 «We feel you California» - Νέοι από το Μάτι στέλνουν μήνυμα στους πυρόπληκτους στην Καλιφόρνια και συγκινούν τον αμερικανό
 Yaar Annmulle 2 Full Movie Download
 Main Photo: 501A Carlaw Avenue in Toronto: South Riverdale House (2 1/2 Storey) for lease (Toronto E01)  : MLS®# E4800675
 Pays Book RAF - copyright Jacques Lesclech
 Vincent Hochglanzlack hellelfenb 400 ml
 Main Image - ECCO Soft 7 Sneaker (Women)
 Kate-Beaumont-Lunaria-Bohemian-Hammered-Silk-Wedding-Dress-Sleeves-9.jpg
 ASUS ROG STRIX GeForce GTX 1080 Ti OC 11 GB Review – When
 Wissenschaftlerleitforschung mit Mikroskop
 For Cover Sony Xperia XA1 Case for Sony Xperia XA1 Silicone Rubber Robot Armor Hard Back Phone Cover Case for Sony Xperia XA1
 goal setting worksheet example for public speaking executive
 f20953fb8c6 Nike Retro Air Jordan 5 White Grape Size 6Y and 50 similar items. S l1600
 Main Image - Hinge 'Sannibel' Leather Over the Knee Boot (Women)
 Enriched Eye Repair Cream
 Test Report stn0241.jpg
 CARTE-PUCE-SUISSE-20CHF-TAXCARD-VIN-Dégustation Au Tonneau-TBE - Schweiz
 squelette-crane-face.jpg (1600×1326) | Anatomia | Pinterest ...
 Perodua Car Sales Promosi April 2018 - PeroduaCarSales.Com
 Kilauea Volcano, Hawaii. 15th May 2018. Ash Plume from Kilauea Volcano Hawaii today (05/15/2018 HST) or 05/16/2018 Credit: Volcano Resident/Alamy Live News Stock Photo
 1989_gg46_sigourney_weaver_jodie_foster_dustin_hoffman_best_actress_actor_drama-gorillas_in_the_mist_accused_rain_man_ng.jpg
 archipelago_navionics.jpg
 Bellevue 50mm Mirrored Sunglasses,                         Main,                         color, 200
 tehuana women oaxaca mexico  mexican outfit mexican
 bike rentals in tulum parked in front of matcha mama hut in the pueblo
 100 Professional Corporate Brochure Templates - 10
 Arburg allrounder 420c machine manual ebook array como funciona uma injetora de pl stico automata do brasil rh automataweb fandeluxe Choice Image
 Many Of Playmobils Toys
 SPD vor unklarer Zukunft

####

▶ _Work to complete_: All of the data above is to be transcribed without alteration.

▶ _Output for this exercise_:
 «We feel you California» - Νέοι από το Μάτι στέλνουν μήνυμα στους πυρόπληκτους στην Καλιφόρνια και συγκινούν τον αμερικανό
 Yaar Annmulle 2 Full Movie Download
 Main Photo: 501A Carlaw Avenue in Toronto: South Riverdale House (2 1/2 Storey) for lease (Toronto E01)  : MLS®# E4800675
 Pays Book RAF - copyright Jacques Lesclech
 Vincent Hochglanzlack hellelfenb 400 ml
 Main Image - ECCO Soft 7 Sneaker (Women)
 Kate-Beaumont-Lunaria-Bohemian-Hammered-Silk-Wedding-Dress-Sleeves-9.jpg
 ASUS ROG STRIX GeForce GTX 1080 Ti OC 11 GB Review – When
 Wissenschaftlerleitforschung mit Mikroskop
 For Cover Sony Xperia XA1 Case for Sony Xperia XA1 Silicone Rubber Robot Armor Hard Back Phone Cover Case for Sony Xperia XA1
 goal setting worksheet example for public speaking executive
 f20953fb8c6 Nike Retro Air Jordan 5 White Grape Size 6Y and 50 similar items. S l1600
 Main Image - Hinge 'Sannibel' Leather Over the Knee Boot (Women)
 Enriched Eye Repair Cream
 Test Report stn0241.jpg
 CARTE-PUCE-SUISSE-20CHF-TAXCARD-VIN-Dégustation Au Tonneau-TBE - Schweiz
 squelette-crane-face.jpg (1600×1326) | Anatomia | Pinterest ...
 Perodua Car Sales Promosi April 2018 - PeroduaCarSales.Com
 Kilauea Volcano, Hawaii. 15th May 2018. Ash Plume from Kilauea Volcano Hawaii today (05/15/2018 HST) or 05/16/2018 Credit: Volcano Resident/Alamy Live News Stock Photo
 1989_gg46_sigourney_weaver_jodie_foster_dustin_hoffman_best_actress_actor_drama-gorillas_in_the_mist_accused_rain_man_ng.jpg
 archipelago_navionics.jpg
 Bellevue 50mm Mirrored Sunglasses,                         Main,                         color, 200
 tehuana women oaxaca mexico  mexican outfit mexican
 bike rentals in tulum parked in front of matcha mama hut in the pueblo
 100 Professional Corporate Brochure Templates - 10
 Arburg allrounder 420c machine manual ebook array como funciona uma injetora de pl stico automata do brasil rh automataweb fandeluxe Choice Image
 Many Of Playmobils Toys
 SPD vor unklarer Zukunft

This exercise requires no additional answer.